Super Size Lies | July 27, 2013

Morgan Spurlock, star of “Super Size Me” and a less initially repugnant figure than Michael Moore, has made it to CNN with a series called “Inside Man.” This is not much of a surprise givent hat CNN now gives weekend programming to cooks and comedians. Spurlock is a One Hat trick pony, making this show his third incarnation of inserting himself into situations to control the narrative.

“Super Size Me” was filmed in a documentary style with the somewhat obvious moral that if you eat McDonald’s food every day for a month, chose the highest calorie items and accepted offer to “super size” that mean every time you were asked, you could gain weight and increase your cholesterol. Even given that low bar for success, there were questions as to how much Spurlock ate, which items he chose after he chose at least every item once, how much he reduced his previous activity to match the “average American” and if his so-called vegan diet actually detoxed him at the end.

Any number of detractors appeared, including the movie “Fat Head” where the filmmaker lost weight by avoiding large sodas and skipping some of the buns. Spurlock’s movie used a hallmark of liberal activism, inconsistent logic. He used the “super size” option (which McDonald’s eventually dropped) as an opening to explain that Americans are fat because McDonald’s has more than one size option, offers breakfast sandwiches and feeds fat Americans who don’t exercise. The problem is that the “average” American does not eat three meals a day at McDonalds. It’s probably more like 0.3 meals.
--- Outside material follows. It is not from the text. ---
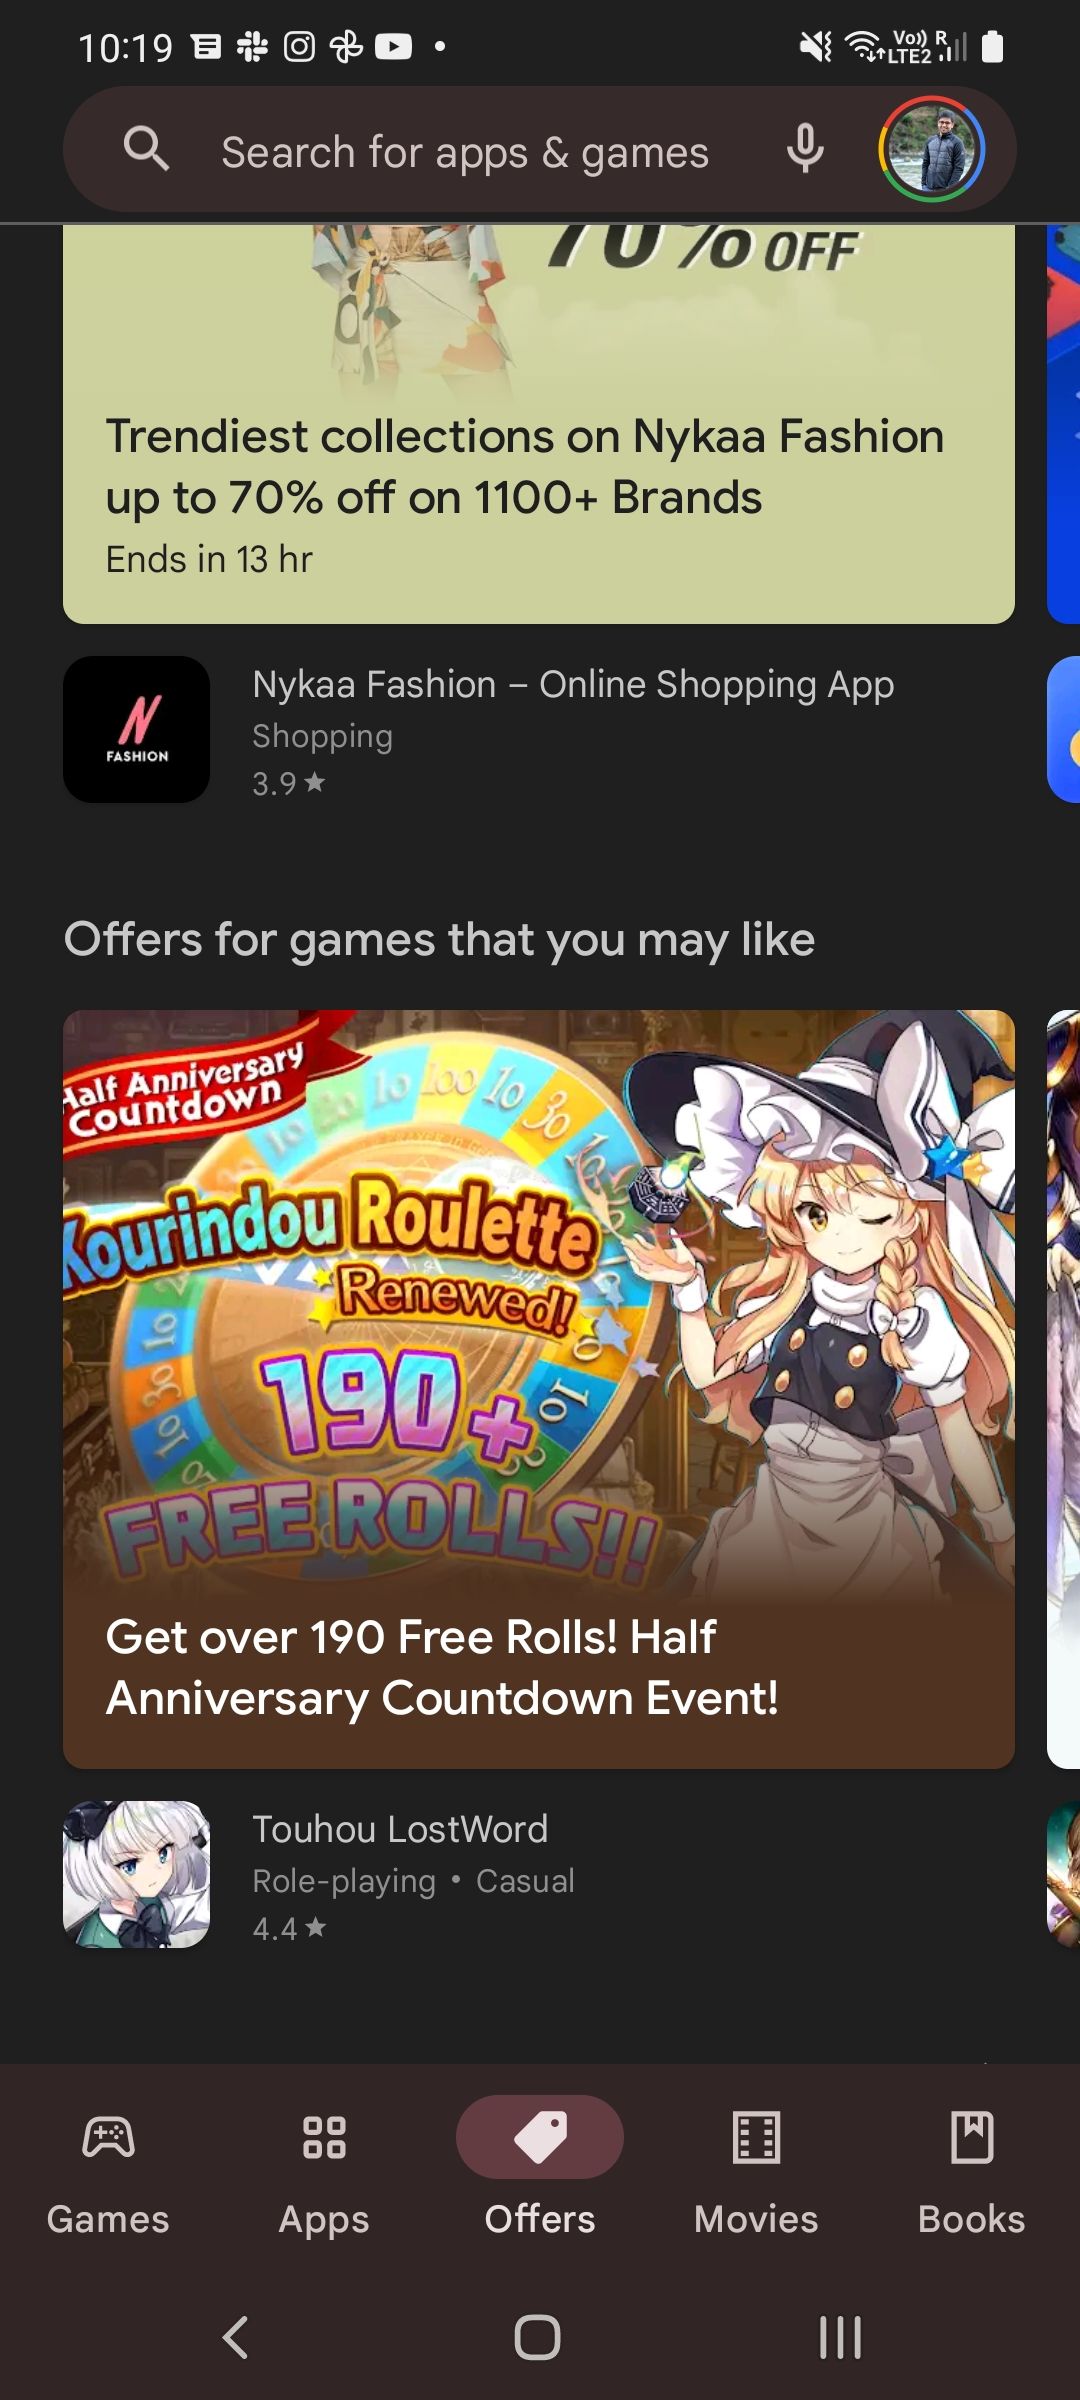 Offers tab in Google Play Store

Since few people watched the FX series “30 Days” I’ll skip to its clone, CNN’s “Inside Man.” In the series, Spurlock inserts himself into some real-world activity for about 30 hours this time and expounds on some political issue while doing it. Immigration, which is a retread from “30 Days,” finds Spurlock working for a day picking oranges with non-white Hispanics to show us all how hard it is to do manual labor. This and tales of labor shortages under Alabama’s tough immigration laws are used to explain that we can’t live without illegal labor.

There’s more inconsistent logic. The fallacy is that immigrants will do the work Americans won’t do. The reality is that Americans expect more pay for the kind of hard labor required in many illegal jobs. Also, these are jobs Americans shouldn’t do, along with anyone else. The jobs are physically damaging, often dangerous and the illegal and recent immigrants doing them often pay a price if they don’t get out of that line of work. White people in the United States didn’t pick cotton, slaves did. When they became citizens, machines took over much of the job. For all the whining about $10 heads of lettuce to come, a country without wage slaves would produce thousands of jobs for manufacturers of lettuce extractors.

Living your life with eyes open is a learned skill. Once you learn it, it gets easier and easier to see the world for what it is, no matter what lies the camera tries to tell me.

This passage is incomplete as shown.